Without using a calculator how to solve $x^x = 100$?

Question

Without using a calculator how to solve $x^x = 100$ ? A way of finding an approximation to 2 decimals would be good neough.

I know about the Lmabert W function but one cannot compute it mentally. This is why I believe my question not to be a duplicate.

Answer 1

If you know that $\log2\approx0.3$ and $\log3\approx0.48$ (where "$\log$" is log base $10$), then you can show that

$$\begin{align} \log(3.6^{3.6}) &=3.6\log(3.6)=7.2(\log2+\log3)-3.6\\ &\approx7.2\cdot0.78-3.6\\ &=0.001((75-3)(75+3))-3.6\\&=0.001(75^2-9)-3.6\\ &=0.001(5625-9)-3.6\\ &=5.616-3.6=2.016\\ &\approx2 \end{align}$$

Note the "trick" $(a5)^2=(a(a+1))25$ for squaring $75$ (i.e., $56=7\cdot8$).
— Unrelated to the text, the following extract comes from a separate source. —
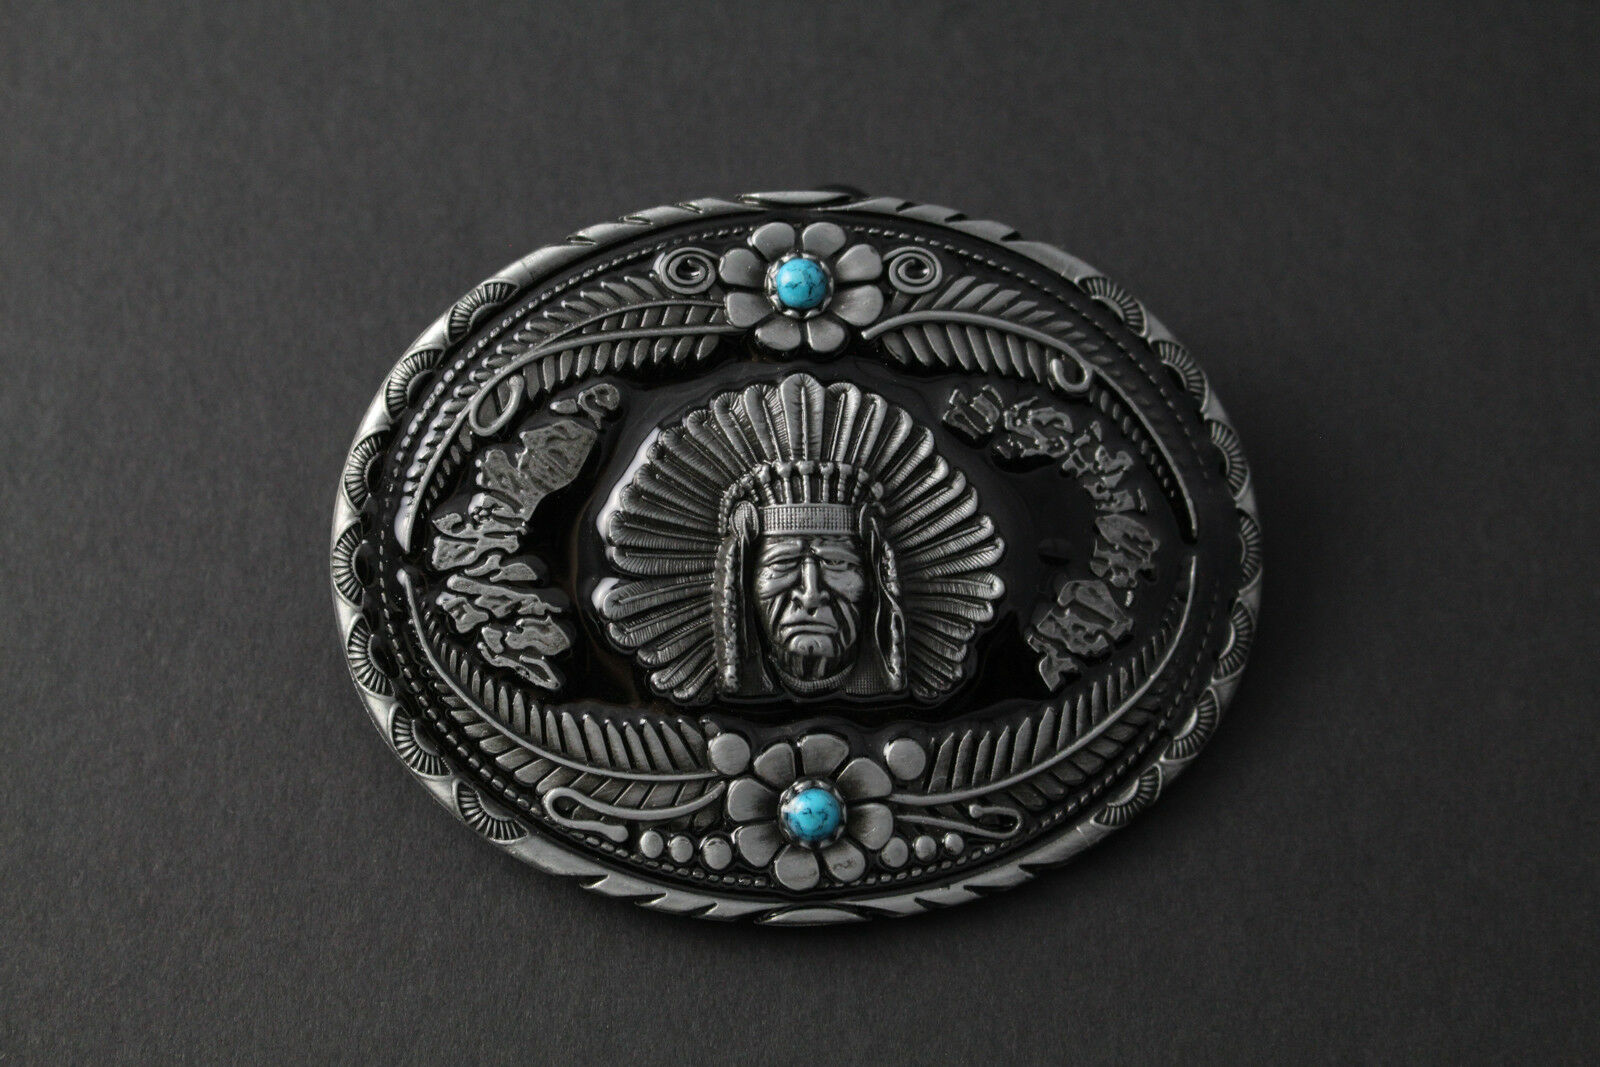 OVAL AMERICAN INDIAN FACE CHEROKEE BELT BUCKLE BLACK METAL FLORAL DETAIL

Remark: $\log2\approx0.3$ comes from $2^{10}=1024\approx10^3$. The estimate for $\log3$ can be obtained with a bit a rounding from $3^4\approx80$.

Answer 2

You can try:

$3^3=27$

$4^4=256$

thus $3<x<4$.

Then you can try with $3.5^{3.5}$ and so on.

Answer 3

You can try to approximate the final solution using rational numbers $p/q$. For this you try to find $p$ and $q$ so that

$$\left(\frac pq\right)^{p/q}\approx100\qquad\Leftrightarrow\qquad p^p\approx 100^q\cdot q^p.$$

With some time and patience, the latter form can be computed on paper. What makes an approximation good? Probably when you have that the quotient of $p^p$ and $100^q\cdot q^p$ is near one.

---

An algorithm

A good starting point (as seen in @gimusi's answer) would be $p=7$ and $q=2$. You would find that $823543=7^7 < 100^2\cdot 2^7=1280000$. Now you can do the following:

• If $p^p < 100^q\cdot q^p$ (as in this example), then replace $p\mapsto 3p$ and $q\mapsto2q$.
• If $p^p > 100^q\cdot q^p$, then only replace $q\mapsto2q$.

This is basically binary bisection. So according to above, the next approximation to check would be $p=21$ and $q=8$. And you do this again and again until the result is good enough for you. The exact result is irrational, so you cannot hope to find it this way.

Answer 4

You could potentially use a sequence of approximations. Suppose you want to approximate this with rational numbers, so let $x=\frac{a}{b}$.

$$ (\frac{a}{b})^{\frac{a}{b}}=100 $$

Rearranging this gives $(100b)^b=a^a$. Now let $b=1,2,3\ldots$ and find a suitable $a$ that bounds the answer above or below. For example if $b=1$:

$$ 27=3^3<100=(100\cdot1)^1<4^4=256, $$

$b=2$: $$ 3125=5^5< 40,000=(100\cdot 2)^2 <6^6=46656, $$

and $b=3$:

$$ 16,777,216=8^8< 27,000,000=(100\cdot 3)^3 <9^9=387,420,489, $$

one can obtain an upper and lower sequence of rational approximations:

$$ 3,\frac{5}{2},\frac{8}{3}\ldots,\\ 4,\frac{6}{2},\frac{9}{3}\ldots\\ $$

although this approach doesn't appear to converge terribly quickly.